Monday, September 17, 2012

A new poll in Virginia, Obama's advantage, and the three keys to Republican success in 2012

By Michael J.W. Stickings

A new PPP poll has Obama up by five over Romney in Virginia, 51 to 46. (A recent NBC/WSJ/Marist poll has him up by five, 49 to 44, among likely voters, and seven among registered voters.) And things appear to be relatively stable there:

Obama's lead is unchanged from a month ago when we found him leading 50-45 in the state. He may not be seeing a bump from the convention in the state at this point, but he was in a pretty good position to begin with.

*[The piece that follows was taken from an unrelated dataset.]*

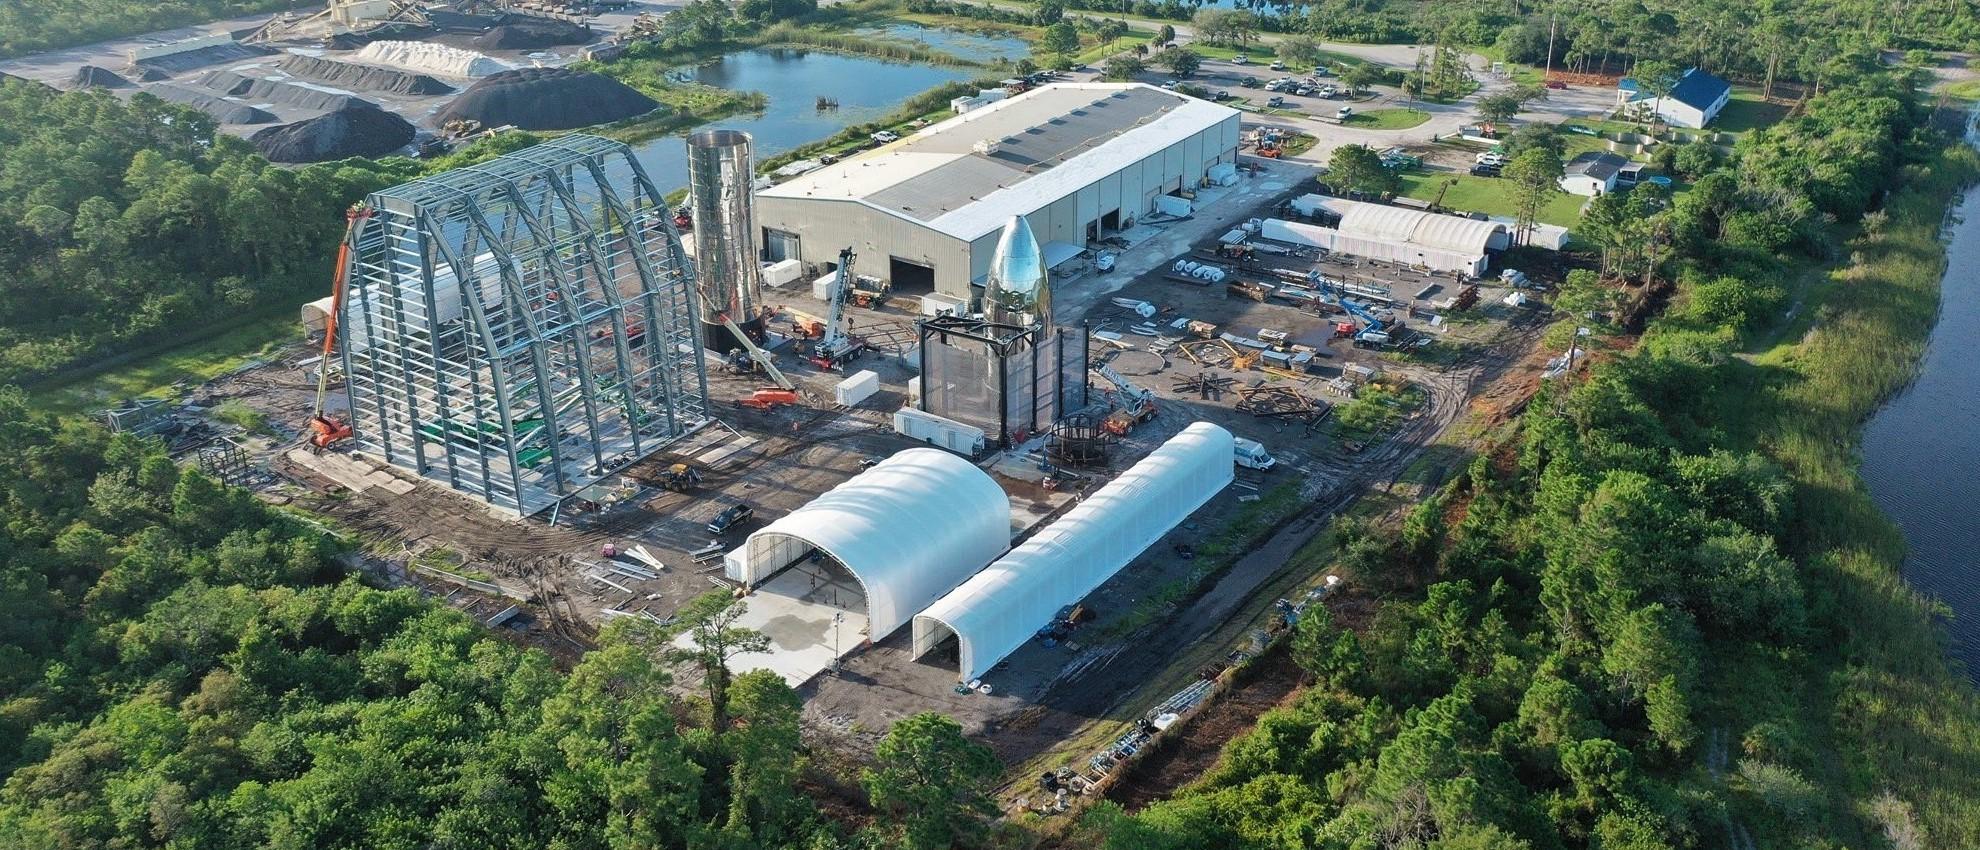 Florida orbital Starship prototype progress 080419 (Seamore Software) 1 crop

Virginia continues to look like it may be something of a firewall state for Obama. PPP has now polled it 9 times this cycle, and President Obama has led by at least 4 points on all 9 of the polls. He's been ahead by 5 points, 5 points, 8 points, and 8 points over the course of the four surveys we've conducted in 2012.

And this is particularly interesting:

One thing playing to Democrats' advantage in Virginia is that their voters are actually more excited than Republicans about the election now, contrary to the conventional wisdom for most of this cycle. 73% of Democrats say they're 'very excited' about voting this fall compared to 63% of GOP voters. Women (64%) are more enthusiastic about voting than men (60%), African Americans (85%) are more excited than white voters (57%), and  young voters (72%) are more excited than seniors (62%).

Behind in the polls, Romney has had a few things in his favor throughout the campaign, namely a) the still-struggling economy; b) voter enthusiasm on the right; and c) voter suppression (with Republicans all across the country trying to disenfranchise likely Democratic voters, or at least trying to make it as difficult for them to vote as possible).

As it stands now, while a) is still a problem for the president, Romney lags behind Obama in terms of who is perceived by voters to be better on the economy, this despite Romney slamming the president on the economy and playing himself up as the sort of business-savvy manager the country apparently needs at this challenging time. Romney just doesn't have all that much credibility on the economy, and voters seems to understand that Bush left Obama with a disaster of economy that takes a lot more than four years to fix.

Meanwhile, b) appears to be reversing, or at least equalizing, particularly in the wake of the extremely successful Democratic convention in Charlotte earlier this month. Democrats are enthused now, and rightly so.

That leaves c), meaning that Romney's best chance to win may rest with ongoing Republican efforts to strip the vote from as many people as possible, claiming that fraud is widespread (it isn't) and that non-citizens are on the rolls (they aren't in significant numbers, and the people being targeted are U.S. citizens). Understandably, Romney has distanced himself from these efforts by not commenting on them -- wink-wink, nudge-nudge -- but of course he stands to benefit immensely from them, as do Republicans generally.

Yes, Republicans, Romney included, seem to think that the best way to win is to thwart democracy. They may very well be right.